Massacre on the island and Other Poems

    By Ashwani Kumar


    Once upon a time
    Refugees from faraway land arrived on the island
    searching for bounties of their home land.
    They were famished but
    refused to eat animals, plants, shrubs and flowers.
    Even in the moments of extreme hunger
    they refused to eat each other.
    For seven days- seven nights
    they prayed under the odorous sun in the sky
    and hurled stones at each other.

    My blood vessels rushed to the surface of beach in excitement –
    Violence is like the innocent love of malicious God
    flaming and feeding
    anxieties and animosities in our erotic and spiritual veins.
    One day, they sighted Robinson Crusoe-
    young, handsome naked suicide bomber
    panting, shaking with anonymous desires of self-killing.
    You will say
    He was expert in the science of elegies but
    I know he was infatuated with making wooden coffins.

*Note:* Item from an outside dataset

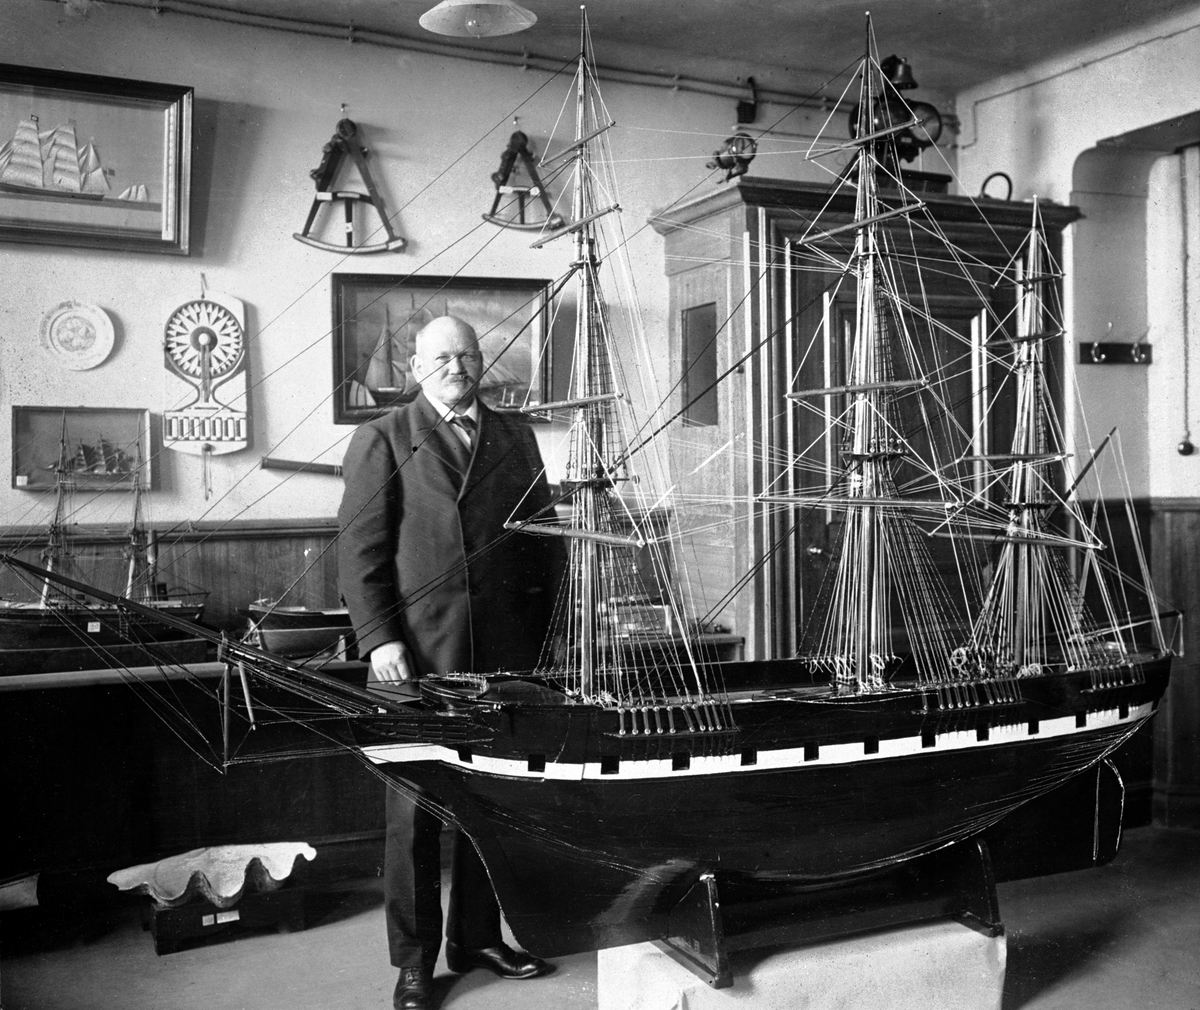 Interiör från Sjöfartsmuseet. Kapten Pettersson bredvid en fartygsmodell.

    Slowly, evil power overpowered all the settlers –
    they swallowed knives and daggers
    filling oval appetites with artefacts of modern art.
    One by one, all men, women and children
    turned a pile of red- stained effigies –
    half-burnt memory of massacres on the island


    It was circa 1984…
    I was standing in the balcony,
    gushing over tall, talcum powdered, teen-aged school girls,
    bantering on provincial socialist jokes
    and worrying about late-night movie tickets.
    I saw a Kite dodging the force of gravity,
    swirling in the winds,
    escaping the lure of the clouds…
    After days of mayhem,
    the Kite kissed the forehead of the coffee-coloured sky,
    bid goodbye to ozone-less cold ocean of desires,
    and returned handcuffed to the olive-green Parliament Street.
    All the while, I remember…
    The five of us had inhaled
    so much smoke from the burning rubber tires,
    and exchanged our ambitions so madly,
    We had lost count of naked bodies and silent hills…
    It is circa unknown…
    I am busy collecting freebies,
    roasting long red potatoes on my barbecue,
    and dusting files of witnesses in the archives in a fit of amnesia!
    ( Written as an eye-witness account of Delhi anti-Sikh riots in Delhi. From Ashwani Kumar’s Collection ‘My Grandfather’s Imaginary Typewriter’.)


    “With extra words in a short poem,
    you can buy a butter knife and a packet of cigarettes, and live among sedentary species happily,”
    said Prof. Gooseberry, a palaeontologist turned poet to his students in his Fossil office room.

    Among his students were mostly black, white, yellow, brown, mixed-race Hindu humanoids in skull caps.
    But there were also a hedgehog, a tortoise, and a water buffalo from the closed abattoir.

    Evolutionists may not believe,
    poets are the only language animals with omnivorous teeth, more scavenger than hunter. In the cold desert of darkness,
    they kill vegan dictators with a neck bite.

    At the end of the long lecture on his recent paper,
    ‘Predatory Transition from Ape to Monkey God’, the professor turned to me and said,
    “You seem distracted.
    “Want to know how Neanderthal mobs in Bermuda khaki shorts, came on Hero cycles and
    lynched sage sparrows in Dadri in the Northern Hemisphere?”

    “With a hand-axe, or a club, or a garrotte?” I asked.
    “No, you useless Homo Habilis,” said he. “Tell me,” I insisted. “Instinct,” he averred, “How beautiful” . . . I wowed ad nauseam!
    ( From Ashwani Kumar’s Banaras and the Other, Poetrywala)

    Ashwani Kumar is a poet, author and academic in Mumbai. Widely published, anthologised and translated into several Indian languages, his poetry volumes include ‘My Grandfather’s Imaginary Typewriter’, ‘Banaras and the Other’ and ‘Architecture of Alphabets’. Recently, he has published “Rivers Going Home” (Red River)- a major anthology of Indian poetry. He is author of the acclaimed non-fiction ‘Community Warriors” (Anthem Press), and one of the chief editors of ‘Global Civil Society’ at London School of Economics. He is also cofounder of Indian Novels Collective, an initiative to popularise translation of classic novels of Indian languages. In leisure, he writes a book column in the Financial Express.